Open a terminal and type the following commands:

    conda config --append channels conda-forge
    conda config --set channel_priority strict
    conda create env ---name yourname -f environment.yml 

Special thanks to Peer Herholz for allowing me to shamlessly copy and paste his introduction!

And lastly of course don’t forget to… conda activate yourname

Packages and Pipelines Used#


fMRI-prep

The data was preprocessed using fMRI-prep (20.2.3). Traditionally, data-sets are preprocessed using various protocols or decision-criteria which may differ from one scientist to the next. [Esteban et al., 2019] introduces fmri-prep as a tool that saves time, but more importantly negates the interindividual differences between scientists when preprocessing data. Thus “fMRI-prep adresses the reproducibility concerns of the established protocols for fMRI preprocessing” [Esteban et al., 2019].

The data was attempted to be preprocessed via docker on my device…

I tried to preprocess the data on my device using docker. Outlining the advantages of using containers would far exceed the goal of this section, but in short: Docker is a type of software container. It’s open source. When using docker, everything required will be within a container, thereby the application will run in isolation from things that could influence the computations but are not necessary. If someone else were to use the same docker image we should get very much comparable results - much more comparable then if we ran them with all our differing depedencies etc. This article greatly helped me to understand what docker is and what the upsides of it are.

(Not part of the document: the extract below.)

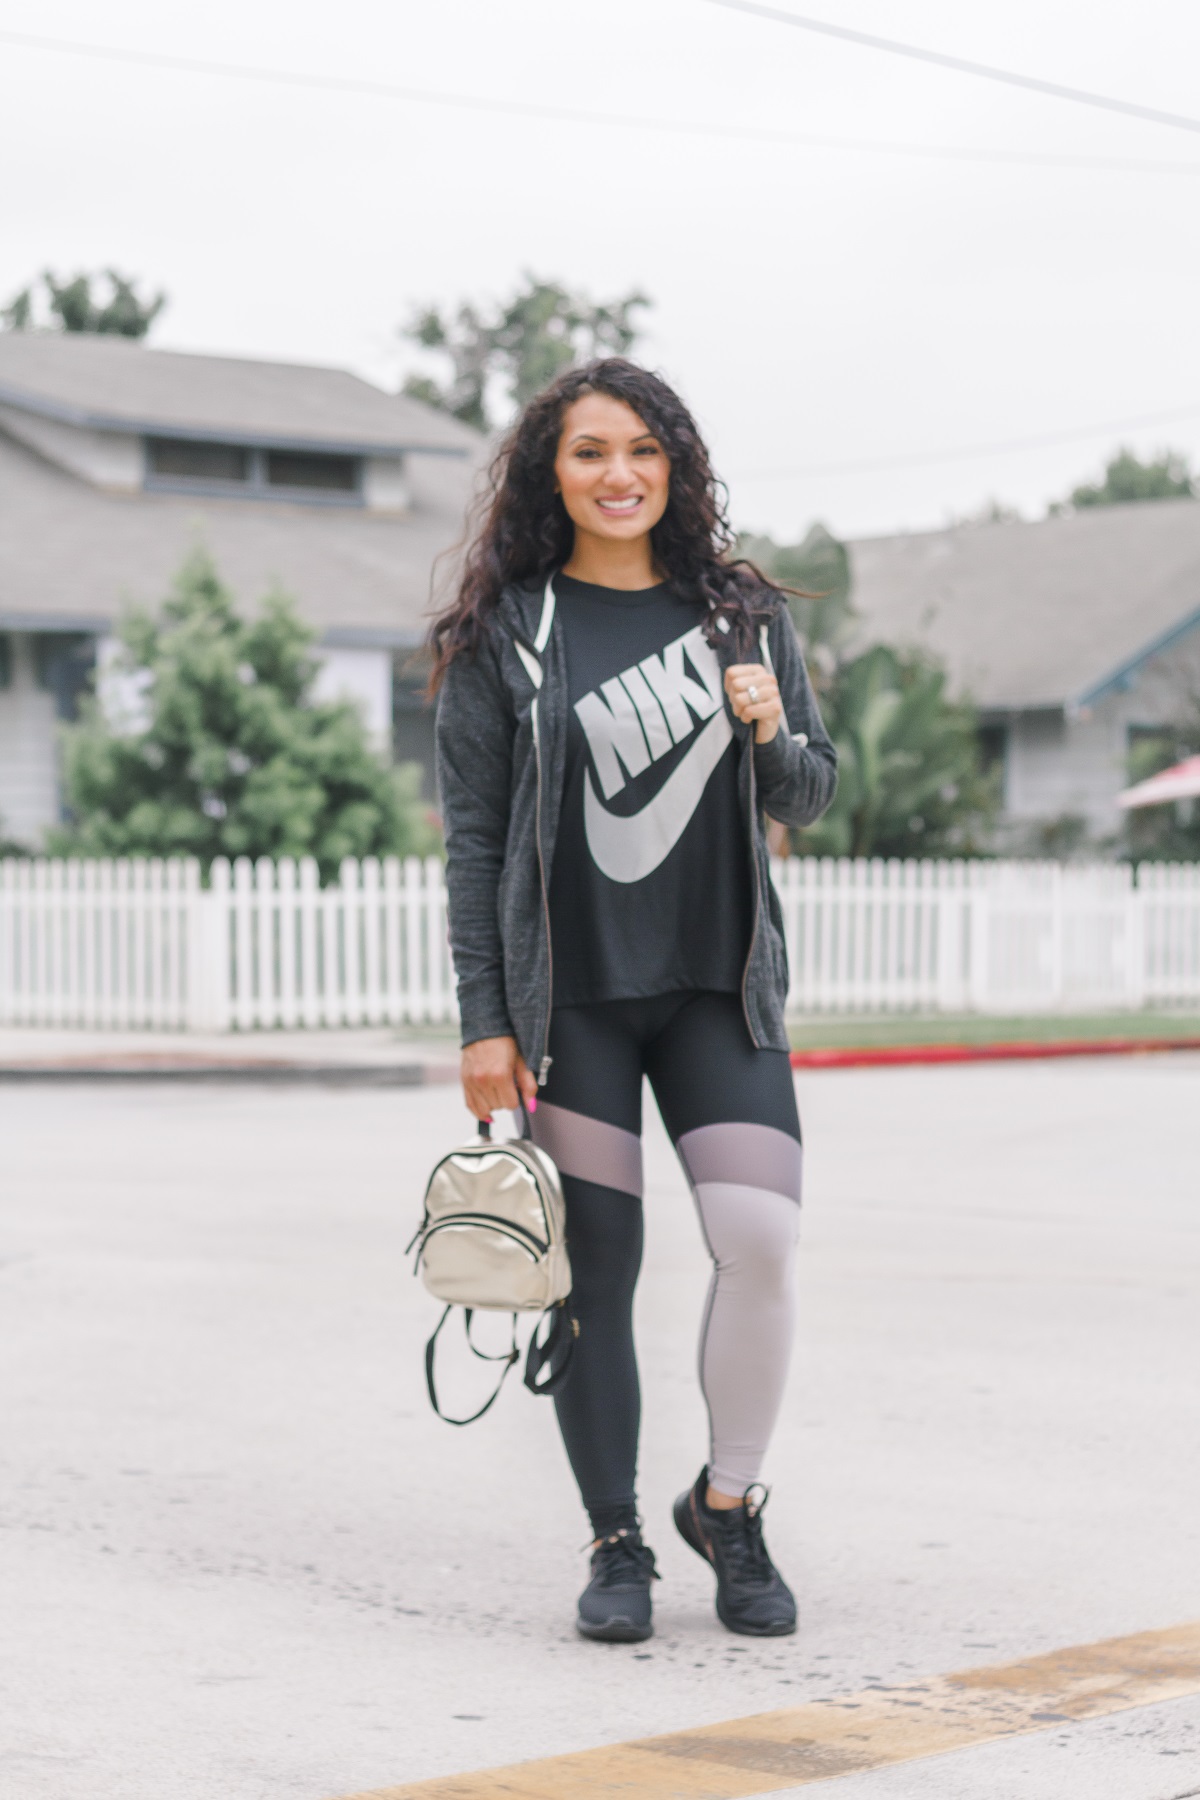 5 Fall Fitness Tips | JCPenney Fashion + Nike Athletic Wear | Debbie Savage Orange County Lifestyle Blogger of To Thine Own Style Be True

…but was preprocessed on brain-life!

Also consult this article Esteban et al. [2020], in which the sub-work-flows are outlined etc.


MRI-QC

The data was attempted to be quality controlled via MRI-QC(20.2.3; . In parallel to fMRI-prep, this was first attempted via docker. The data was quality controlled via brainlife.

Sadly, brainlife does not provide the group report files, thus they cannot be linked here. Given the limited availability of data, standard procedure to exclude participants was ignored to progress this project.


pybids

The structure of the data-set was explored using pybids. This tool is simply amazing to explore a BIDS data-sets…

Note

What does BIDS stand for?

BIDS refers to the brain imaging data strucuture. When we do experiments using various neuroimaging methods, the resulting files can be very hard to keep track of. Imagine you had to pick a project up where someone else left it behind and you had no idea what the file 13032020_03_1244.dcm means. With BIDS, both a structure of the files is suggested. Thus you will know which file you can expect where. Furthermore the file formats etc. is specified. Thus if the data-set you were given was in the BIDS structure, you would have very little troubles understanding what is already available and what you need to do! Also refer a description of this provided by Gorgolewski et al. [2016] .

…as within a BIDS data-set one knows which information is expected to be where, this allows convenient functions to explore such data-sets. This is something pybids enables. Also refer to Yarkoni et al. [2019] .


nilearn

The analyses within the linear_model notebook were largely performed using nilearn.

The primary reason to use nilearn is that it also enables later machine learning techniques to analyze to MRI data. It is also possible to analyze functional connectivity with nilearn or do multi-voxel pattern analyses! And of course this is a open-source python package with stellar documentation!